Kitai asintió y los bilaru desaparecieron bajo las olas. Sí, una guerra. Era muy probable que no pudieran evitarla, pero si tenían que llegar a eso, su gente también estaría preparada.

Se impulsó hacia arriba de un salto, extendió las alas y emprendió el vuelo de regreso a su isla.»

Félix guardó el archivo y apagó la computadora. Ahora que su enojo se había disipado, lo que quedaba era una inesperada sensación de arrepentimiento. Ojalá no le hubiera hablado así a Patricia, pensó.
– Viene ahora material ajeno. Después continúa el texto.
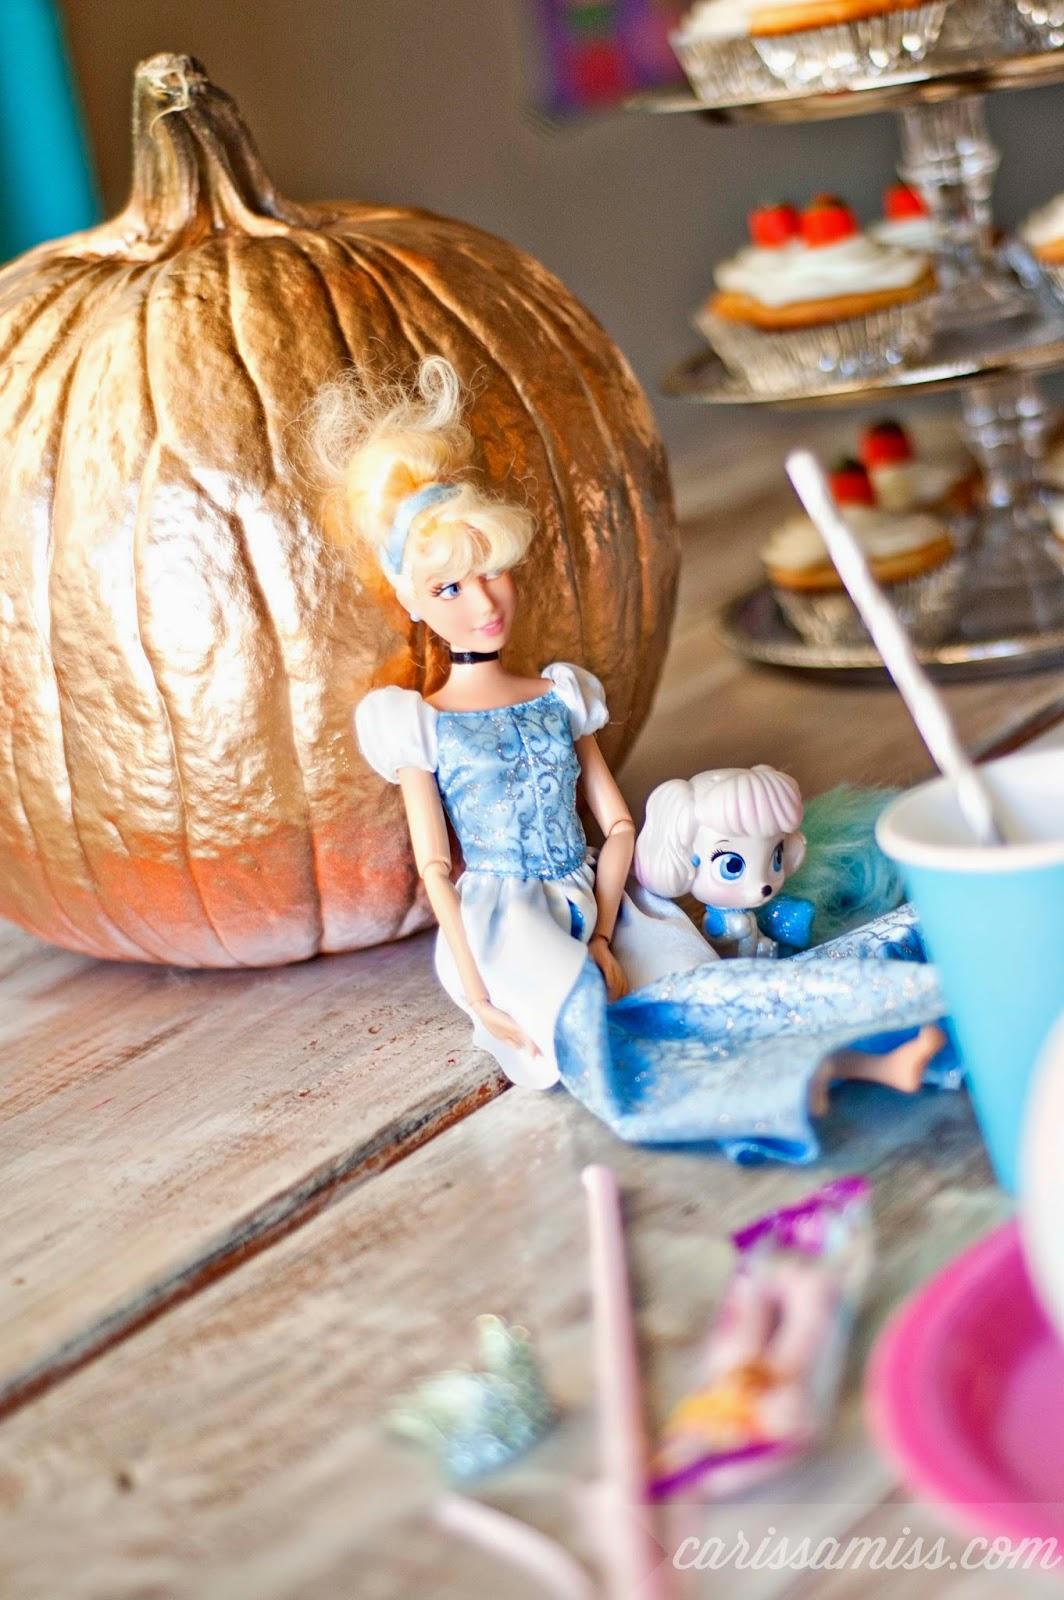 Carissa Miss: Simple Cinderella Party #DisneyBeauties #cbias #shop

Además... ella había dicho unas cuantas verdades sobre los pescadores. A él mismo lo sacaba un poco de quicio su mentalidad inmediatista, y que no buscaran una vida menos dura para sus hijos. También les había dicho que debían añadir algún valor a su producto, creando tal vez un restaurante ahí mismo, en la costa, para impulsar la economía local. Y en cuanto al descarte de los peces con espinas... oh, diablos, ¿en qué embrollo se había metido? Él quería proteger a sus amigos pescadores y al ecosistema de la playa... hasta el punto de haberse dejado cegar por su propia ideología.

Félix buscó su teléfono móvil y marcó el número de Patricia mientras daba las gracias por no haberlo borrado después de la discusión. Ella, sin embargo, no contestó. El biólogo cortó la llamada y volvió a marcar, y como siguiera sin obtener respuesta, decidió dejar un mensaje en el correo de voz.

—Ah, hola, Patricia. Soy Félix. Antes que nada, quiero disculparme por todo lo que dije. Y me refiero también a las acusaciones que le hice a tu padre. Me gané esa bofetada, lo admito. —Hizo una pausa para tomar aire antes de proseguir—: Escucha... no puedo olvidar lo que pasó con nuestras novelas. Tiene que ser algún tipo de señal, ¿no crees? Me gustaría... me gustaría que nos viéramos mañana en el lugar donde nos conocimos. Al amanecer. Tuviste razón sobre muchas cosas, pero yo quisiera mostrarte la otra cara del asunto. Porque existe, y es... bueno, seguramente mucho mejor de lo que podrías imaginar. Por favor, ven. Y aunque no logremos llegar a un acuerdo... de todas maneras quiero seguir en contacto contigo. Espero que vengas. Bien, eso es todo, adiós.

Félix interrumpió la llamada y dejó el móvil sobre la mesa. No aguardaba una respuesta, en realidad. Lo que fuera a pasar a continuación sería cara a cara, no por medio del teléfono.

El hombre trabajó en su informe unas horas, bajó a cenar, y finalmente se fue a dormir preguntándose si alguna vez volvería a ver aquella hermosa sonrisa con hoyuelos.